– Кхе… А потом? Он же не из-за этого своих убивцев звать стал?
– Не из-за этого. Я ему предложил мне усадьбу Устина продать. Сказал, что раз он на щит ее взял, значит, она ему и принадлежит. Со всем хозяйством: с холопами, пахотными землями, угодьями. Тут, правда, непонятно как-то вышло. Любой парень на его месте обрадовался бы, а он… Знаешь, Корней Агеич, ему вроде бы даже неинтересно было.
– Неинтересно? Кхе! Как это неинтересно?
– Погоди, Корней. Осьма, ну-ка вспомни хорошенько: почему ты решил, что ему неинтересно? Продавать не захотел или торговался без интереса?
– Да нет, Настена, об этом и речи не было. Он разговор обратно на изгоев перевел. Ну а я, знаешь, таким гнусом прикинулся и говорю: «Судьбу их изменить ты не можешь, но можно на их горе нажиться» – тут и началось!
– Еще раз и подробно. Как он разговор с усадьбы на изгоев перевел?
– Да что ж ты прицепилась, Настена? Глянула бы лучше Михайлу…
– Заткнись, Корней! Учить еще меня будешь! Говори, Осьма.

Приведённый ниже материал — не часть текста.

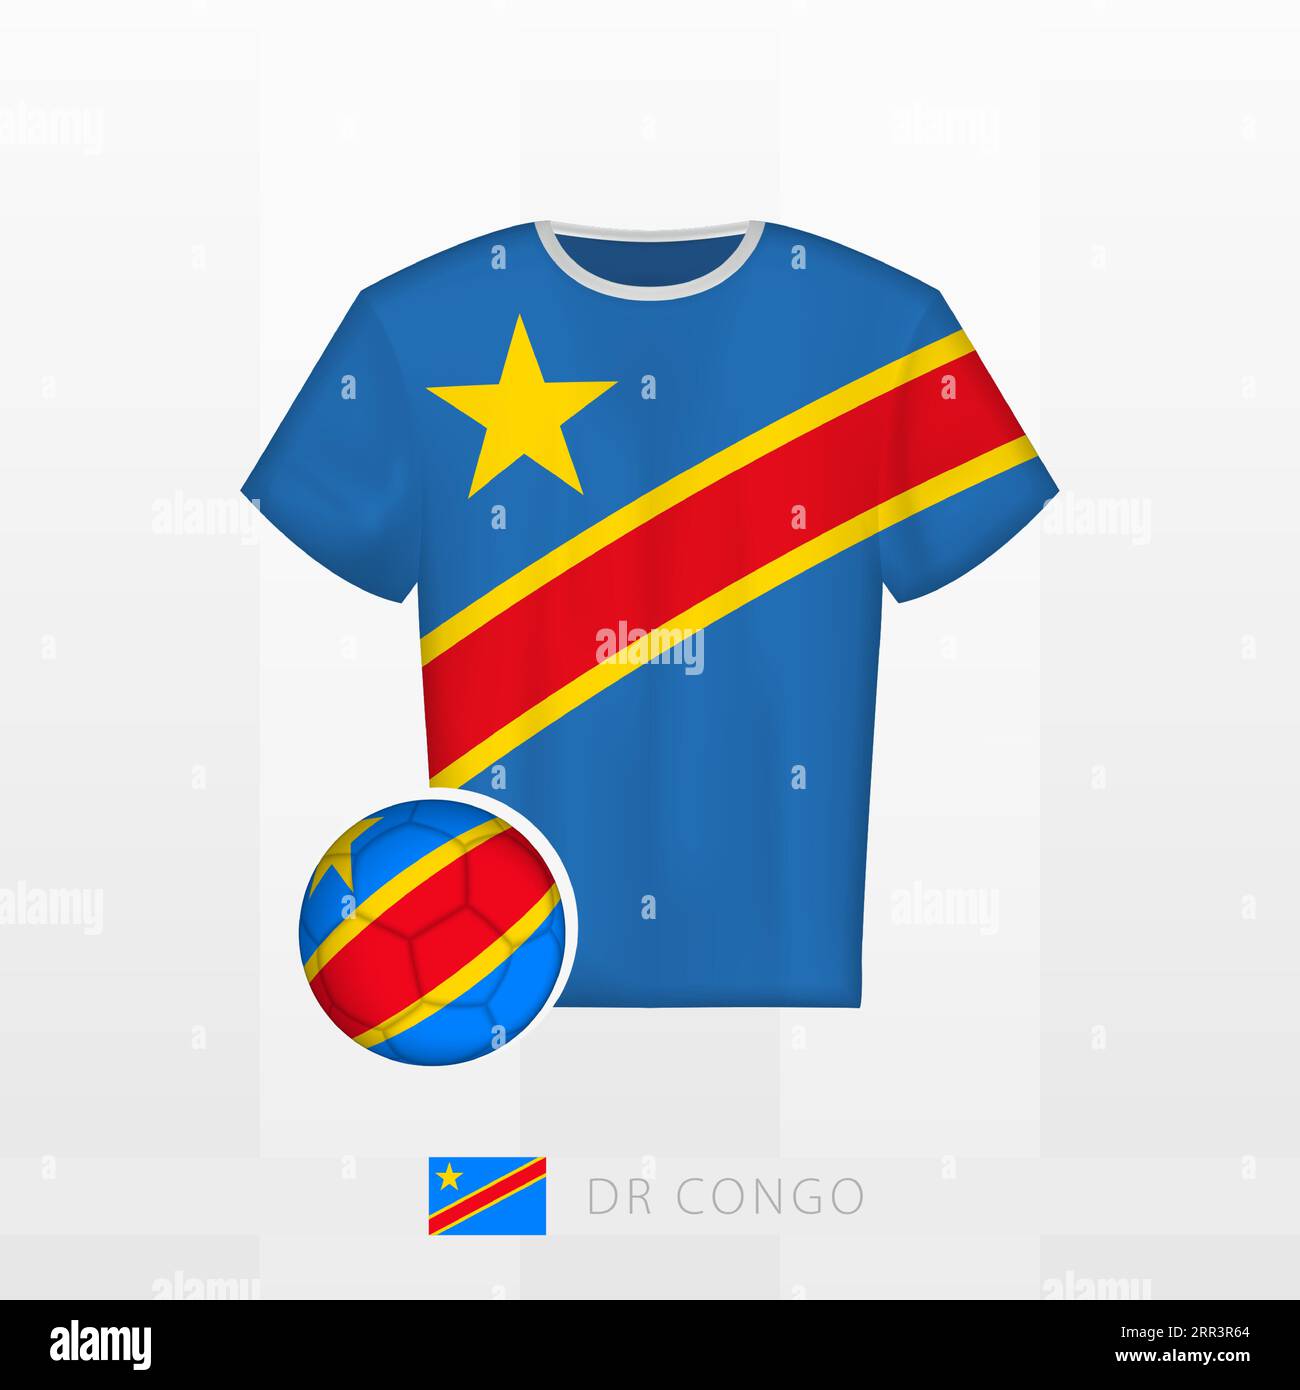 Uniforme de football de l'équipe nationale de la RD Congo avec ballon de football avec drapeau de la RD Congo. Maillot de football et ballon de soccerball avec drapeau. Modèle vectoriel. Illustration de Vecteur

– Гм… Я обмолвился, что семейство сюда перевезти собираюсь, для того, мол, и усадьбу хочу купить, а он и спрашивает: «А если твоих так же переймут, как ты изгоев перенять собираешься?» А в чем дело-то?
– А ты не понимаешь? Вчера родился? Лежит парень… Не муж матерый – мальчишка! Лицо обожженное, треть уха отрезана, боится одноглазым уродом на всю жизнь остаться и не радуется тому, что на него богатство свалилось, а мучается из-за баб и детишек. И ты ничего не понял?
– Гм, я как-то и не подумал.
– А ты, Корней, подумал?
– А я-то чего? Кхе… Меня вообще в горнице не было!
– Ты-то чего? Давай-ка вспоминай: кого ты ему с утра для разговора прислал?
– Стерва.
– О чем разговор был?
– О том, чтобы дозор с болота снять, из которого эти… «пятнистые» приходили.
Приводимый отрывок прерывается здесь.